▸ **Problem to work on**
Wherever pictures appear in the listing below, leave them out, and copy exactly, and only, everything from the line with "Essentials: David Bowie's" down to the line with "Manette Filaire 1up".

▸ **Supplied material**
####################

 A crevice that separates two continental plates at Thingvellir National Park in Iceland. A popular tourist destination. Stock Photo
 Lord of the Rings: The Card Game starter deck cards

####################

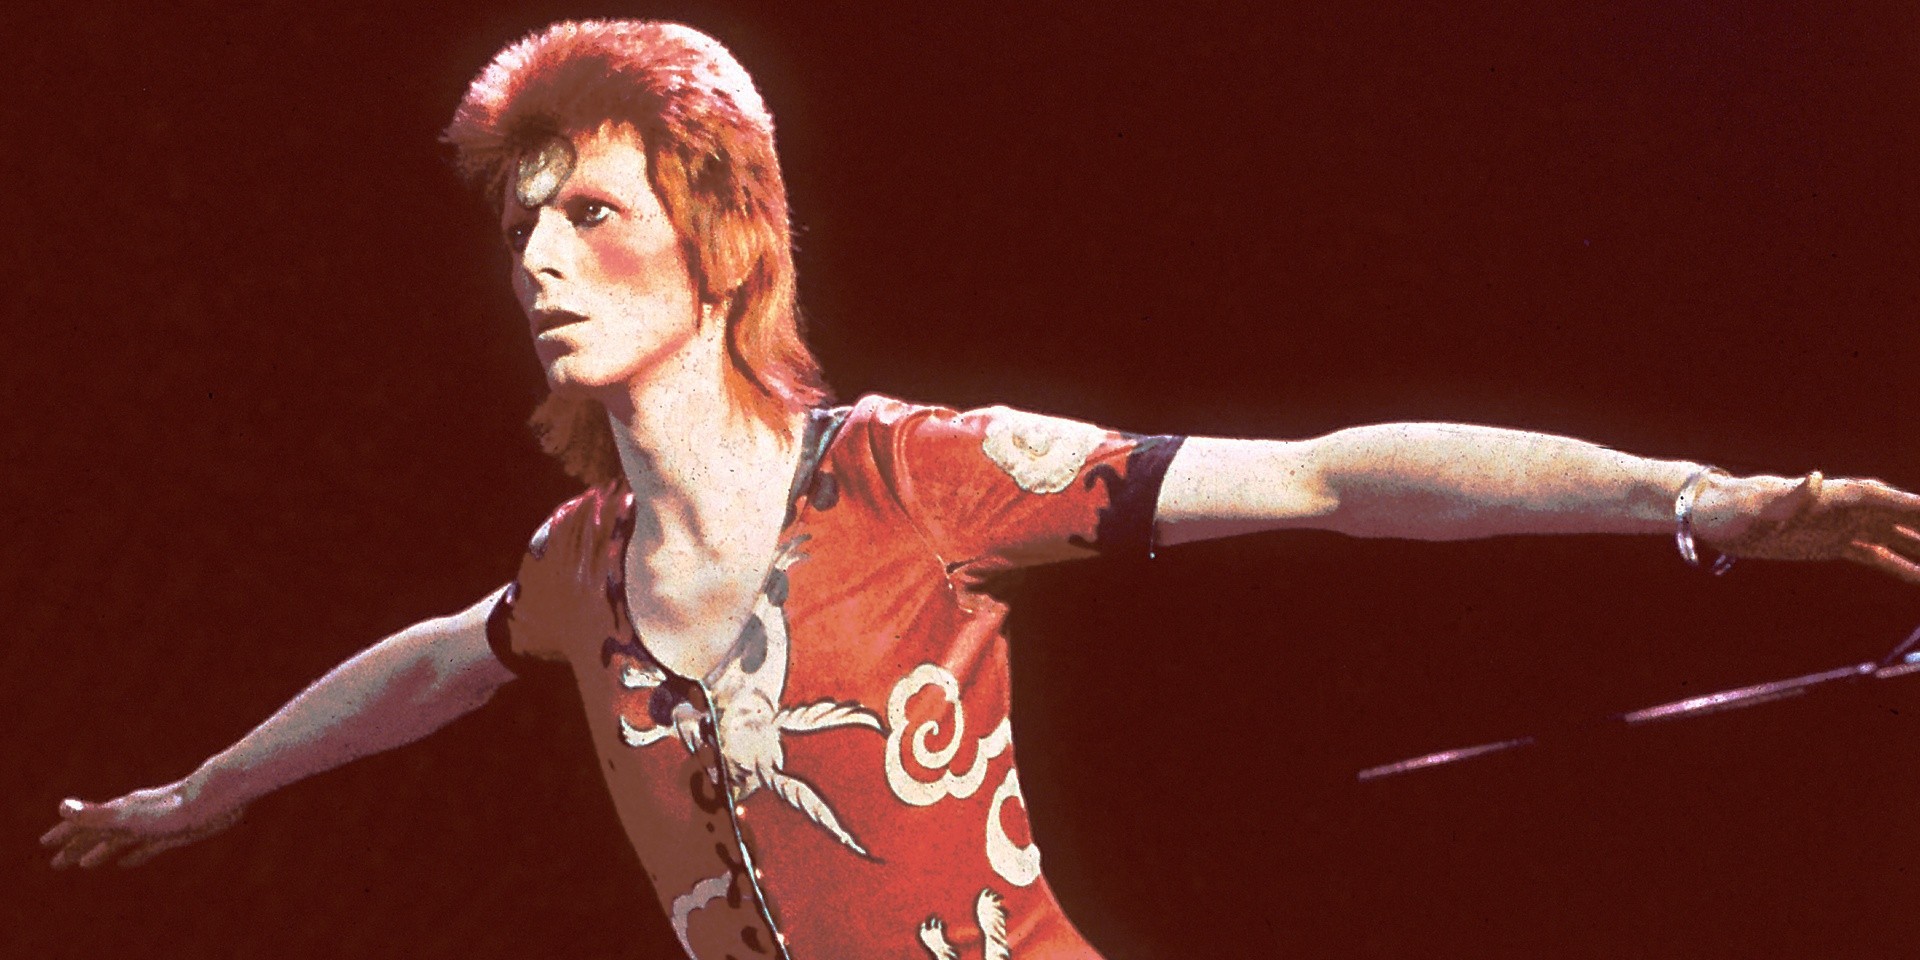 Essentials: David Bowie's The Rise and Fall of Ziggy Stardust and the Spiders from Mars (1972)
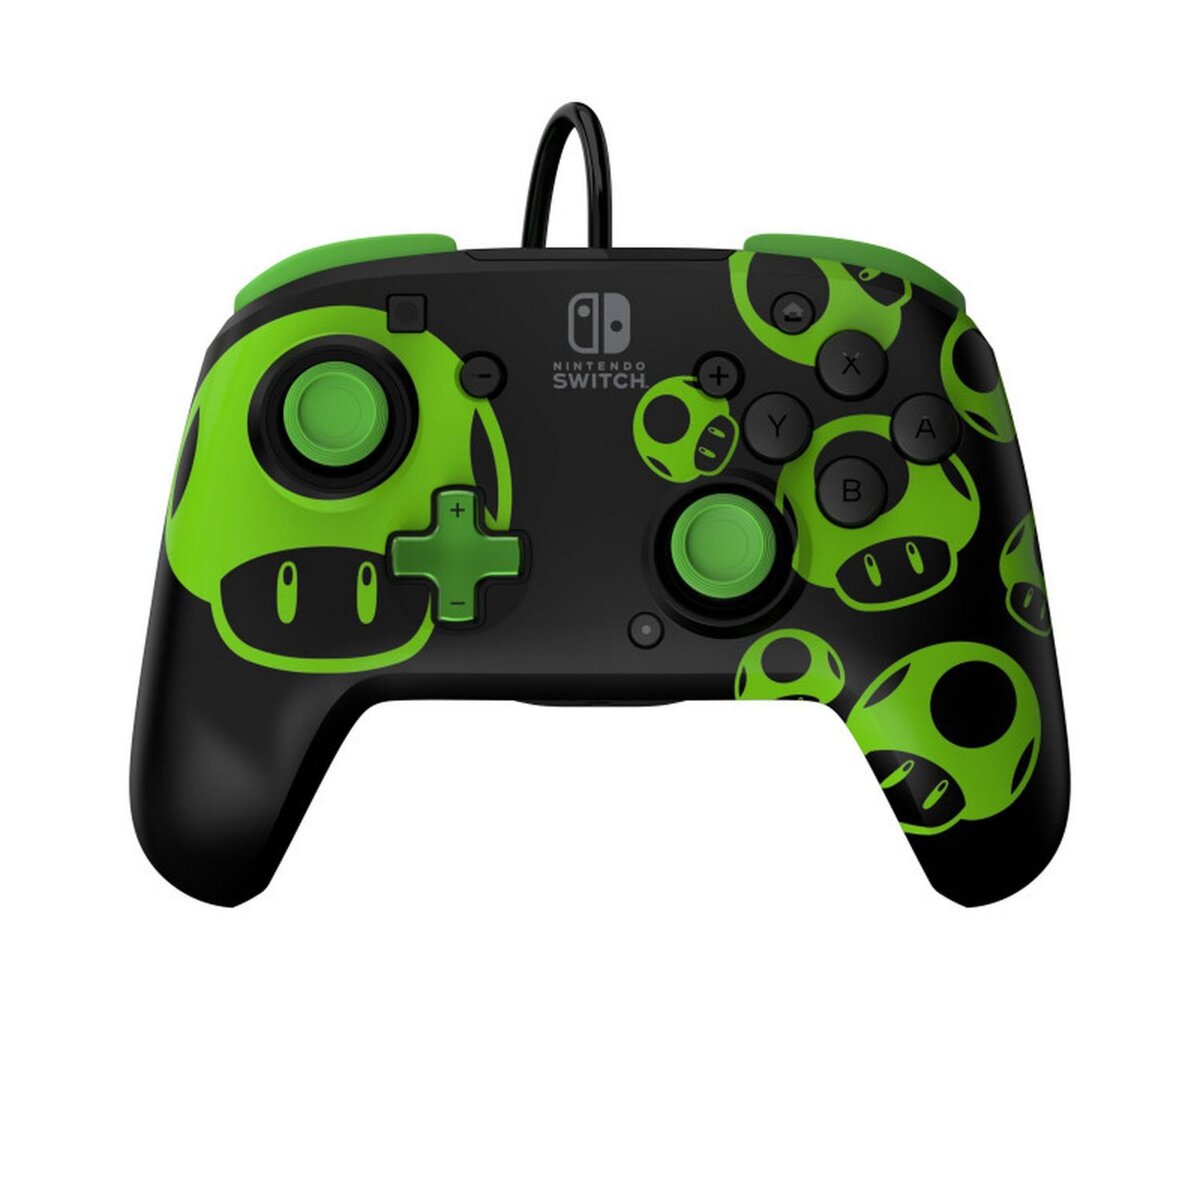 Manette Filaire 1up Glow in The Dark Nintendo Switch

####################

▸ **Solution to this exercise**
 Essentials: David Bowie's The Rise and Fall of Ziggy Stardust and the Spiders from Mars (1972)
 Manette Filaire 1up Glow in The Dark Nintendo Switch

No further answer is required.